**Task to carry out:**
Your copy should match the listing word for word, apart from the pictures, which are left out.

**Recorded information:**
┌────────
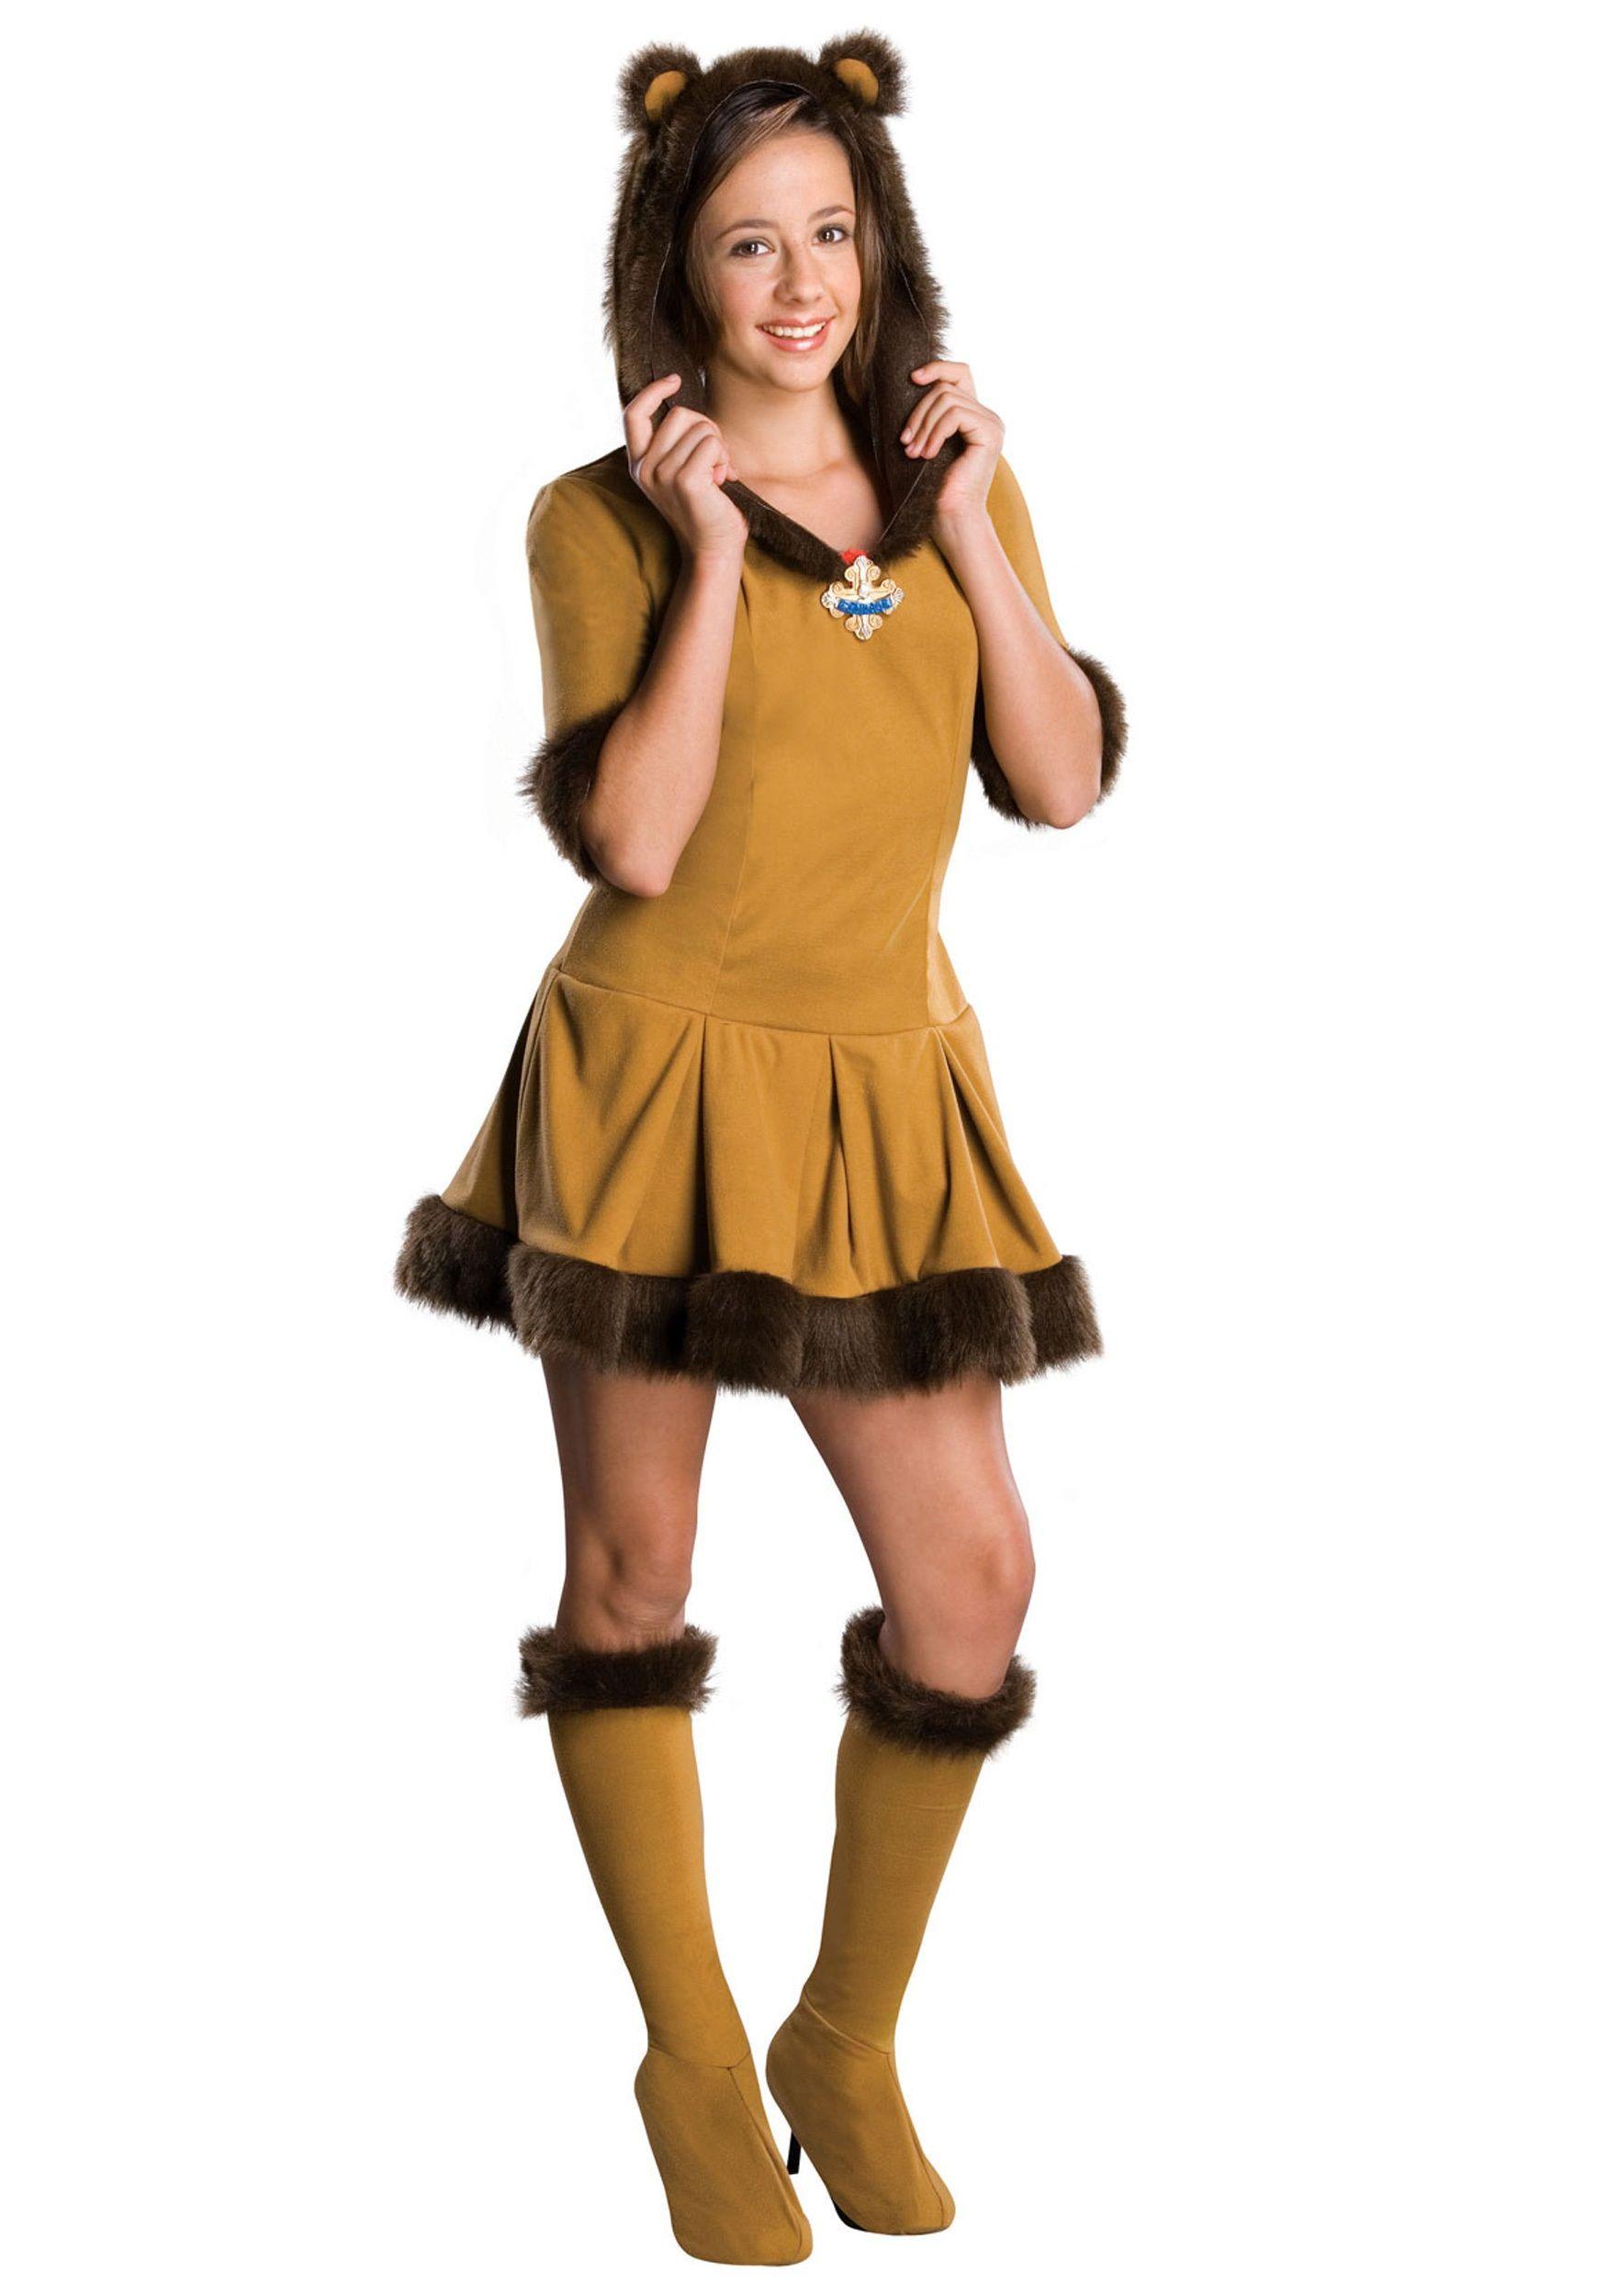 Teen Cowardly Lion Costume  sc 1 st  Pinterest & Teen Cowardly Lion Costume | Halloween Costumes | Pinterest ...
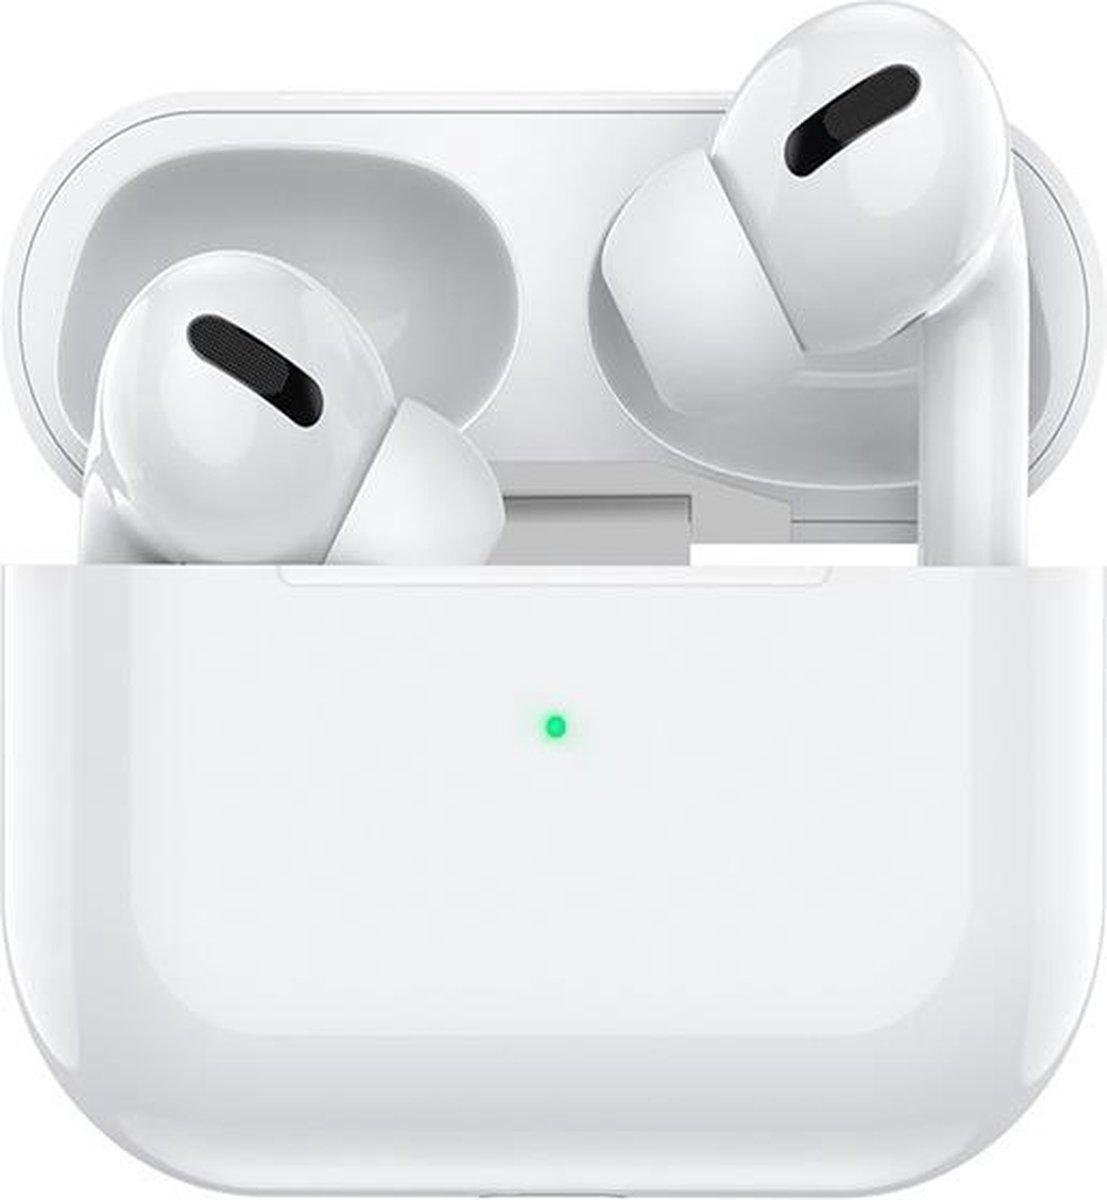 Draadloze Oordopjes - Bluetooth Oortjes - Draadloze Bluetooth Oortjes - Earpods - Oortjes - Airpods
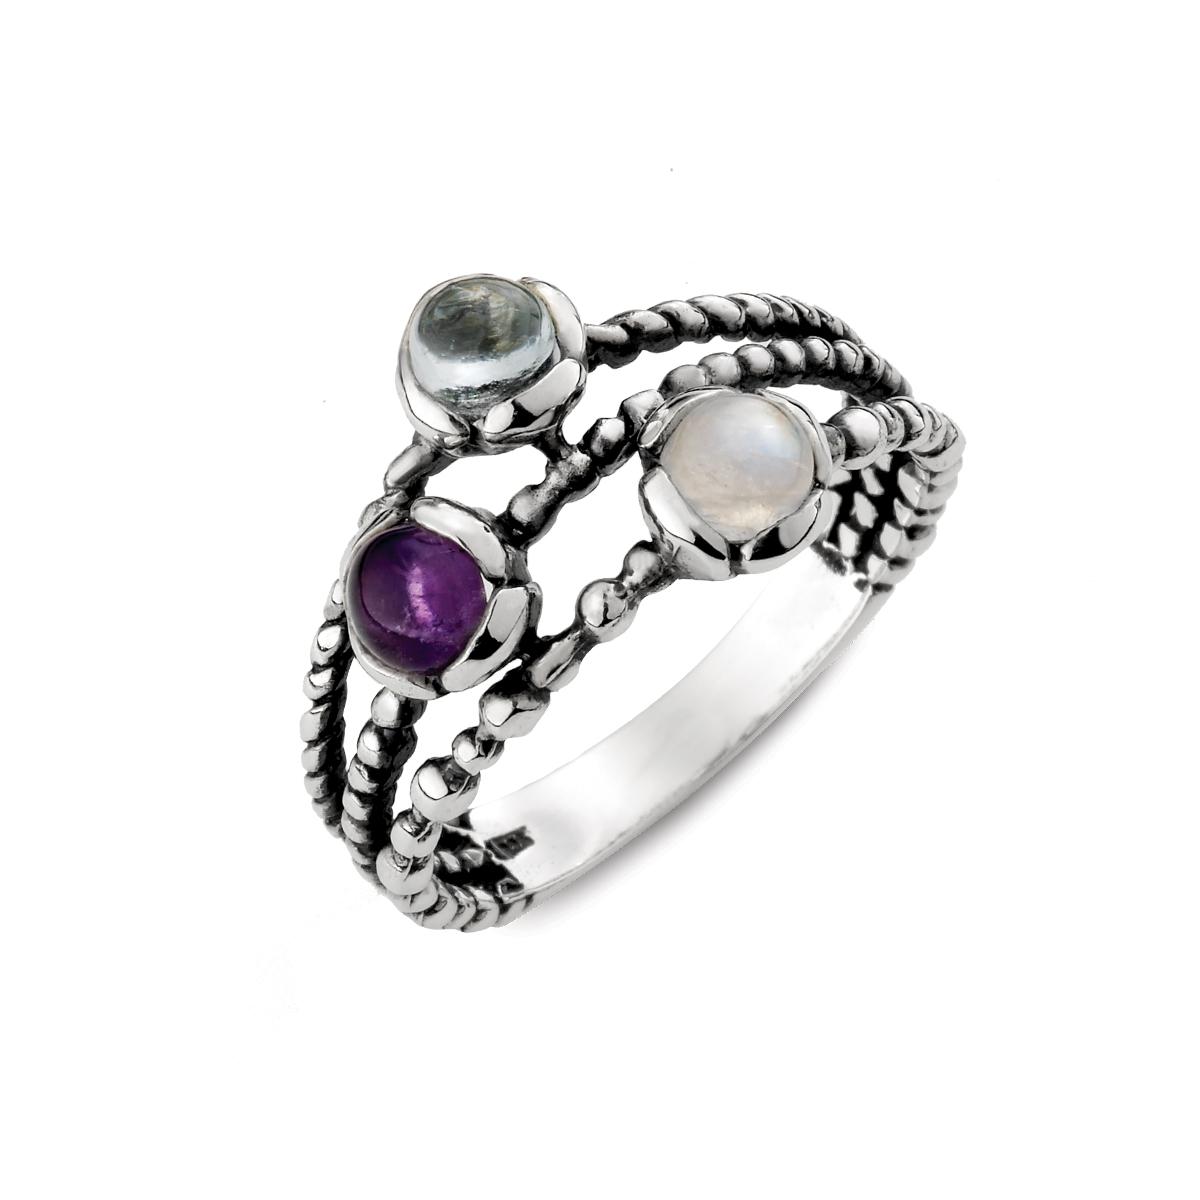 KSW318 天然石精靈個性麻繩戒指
└────────
**Response for this exercise:**
 Teen Cowardly Lion Costume  sc 1 st  Pinterest & Teen Cowardly Lion Costume | Halloween Costumes | Pinterest ...
 Draadloze Oordopjes - Bluetooth Oortjes - Draadloze Bluetooth Oortjes - Earpods - Oortjes - Airpods
 KSW318 天然石精靈個性麻繩戒指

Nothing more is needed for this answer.